It’s just me and the boot from now on!

I went back to have the stitches removed and can honestly say that was the most pain I felt since being initially shot in the middle of the football pitch!

The scar has healed well in 2 weeks and from a half cast and more bandages than is sold in a month in your standard pharmacy I am left with a 6inch waterproof ┬áband aid and of course my new best friend ‘boot’!

To all you fellow sufferers out there, a few weeks in front of me recovery wise, can you advise.

The doc said leave the boot on at all times apart from showering. Is this really necessary? I am in no pain and without the boot it encourages gentle stretching. Is this a bad thing?

Doc said still NWB for another 10 days? The boot actually encourages you to put your foot down?

Physiotherapy wont start for another 4 weeks? Anyone start any earlier?

And finally. The doc said there is a 4-6% chance of a re rupture. OMG. Has anyone had a re rupture, after surgery, whilst in a ROM boot?

Maybe I should just listen to the expert…..?

3 Responses to “It’s just me and the boot from now on!”

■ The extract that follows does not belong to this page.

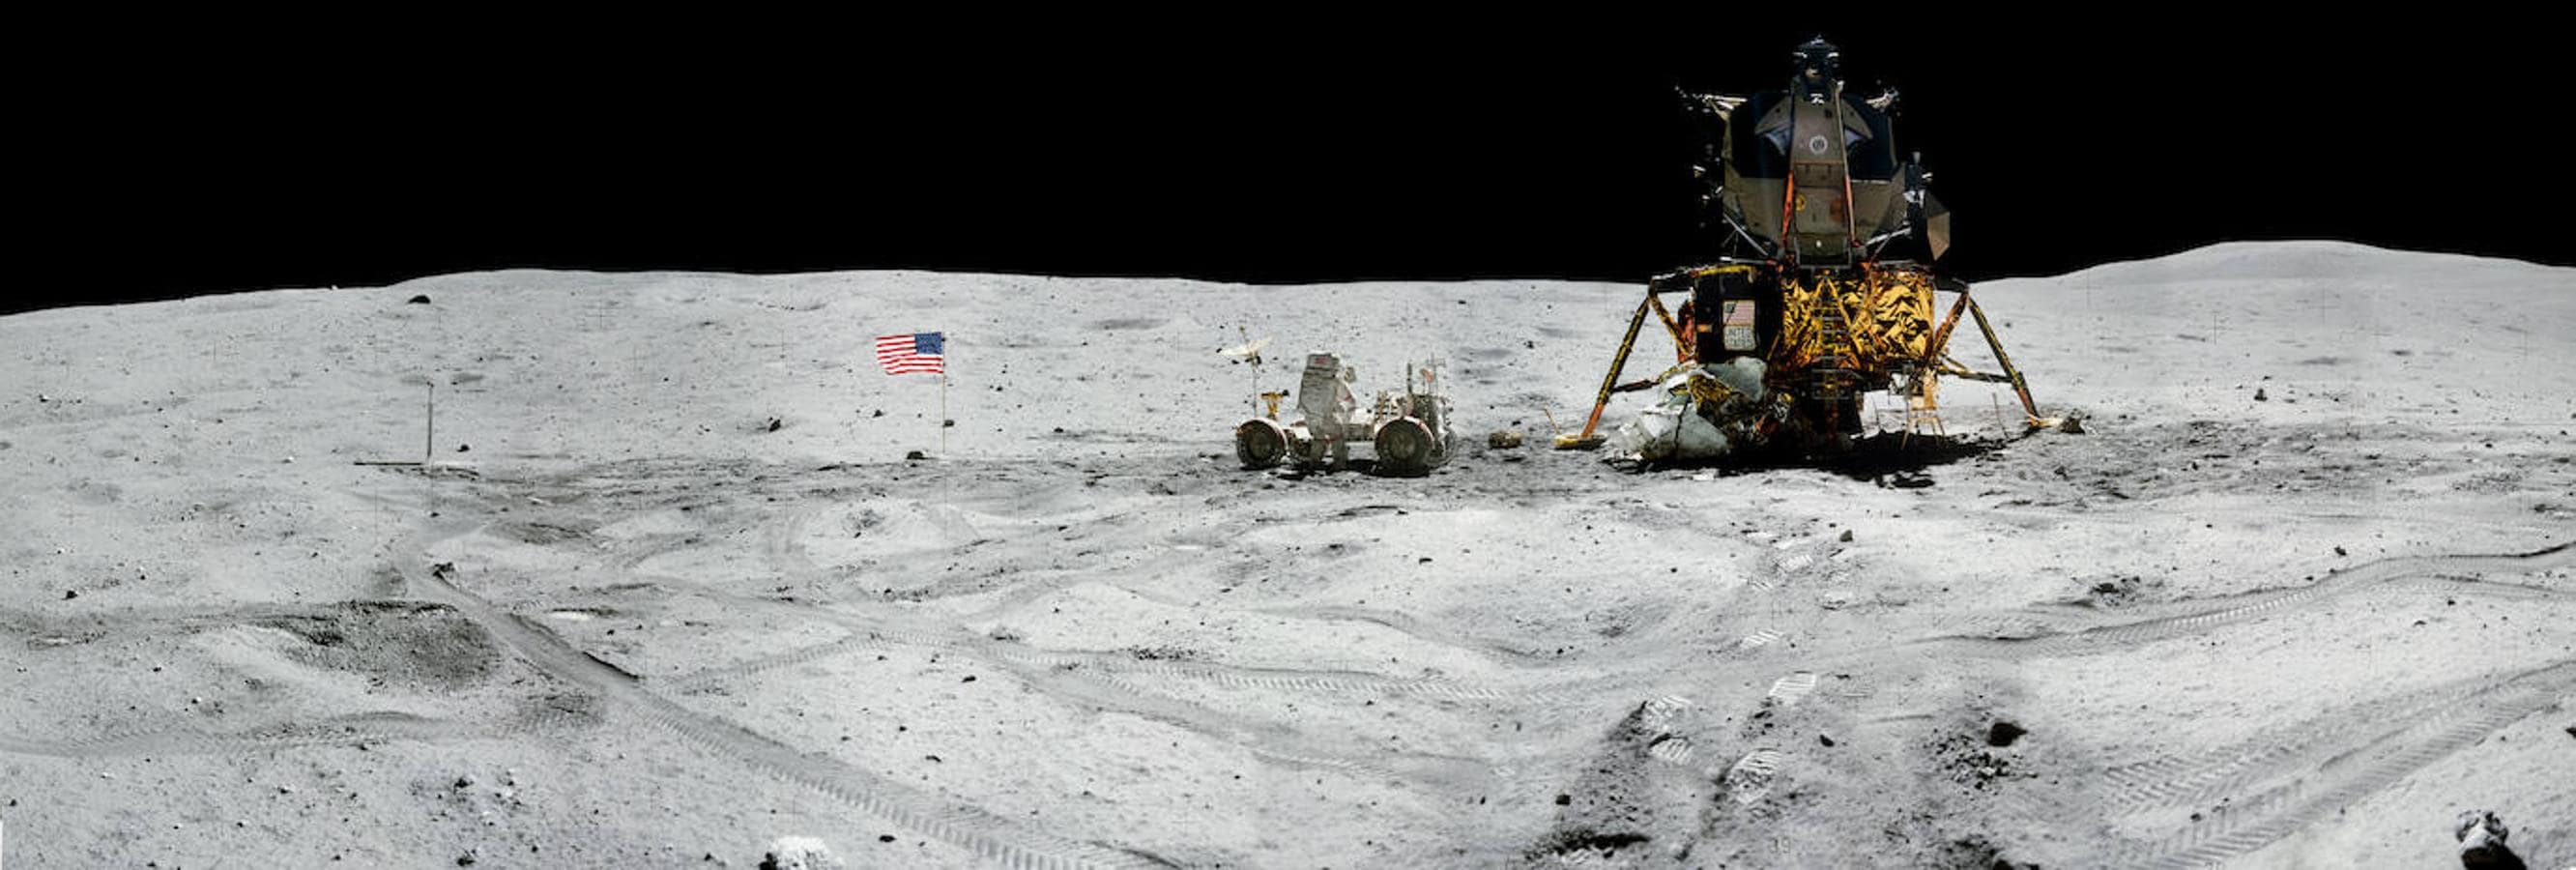 Impresionantes imágenes de la Luna tomadas durante todas las expediciones del Apolo

  1. Shady1, just you and your boot? Might have the title for a story… :-)
    Now for some of your questions: First, the biggie of “can I rerupture while wearing a boot? I haven’t heard of anyone and think it would be a bit difficult to do, but - some people do the impossible regularly. You had surgery, have a really strong calf muscle, so I can imagine you somehow using your calf muscle and doing harm to yourself… not me, I’m too puny… but you? I’d listen to your Dr. And the same goes to NWB though I admit I kinda bent the rule and when I got the boot I just put as much weight as I could take… But I am not you… Read some of the treatment protocols linked to this site for more info and insight.
    Next, as to wearing the boot all the time. I got permission to take the boot off to sleep and then warned I could not put any weight on the foot without the boot! Since I have sleep-walked and do wake up at night to go to the bathroom, I decided to sleep and nap with the boot on as a precaution. I was really glad to take the boot off at the 2 month mark, since at Physical Therapy I am putting weight on my foot w/o the boot. So, once again I would follow the Dr’s advice to keep the boot on. Honestly, I see the boot as a protection for my foot and tendon and will probably use it if I am going into a “risky” walk/event during the 2 weeks after I go 2 shoes, to avoid a rerupture. What would be “risky” for me? an unpaved irregular walking path, a large public event or parade full of people, a major snowstorm… moments where I might HAVE to push my tendon to the limit. In your case, you are very much used to pushing yourself, to the limit, so…. my suggestion is wear the boot while you heal.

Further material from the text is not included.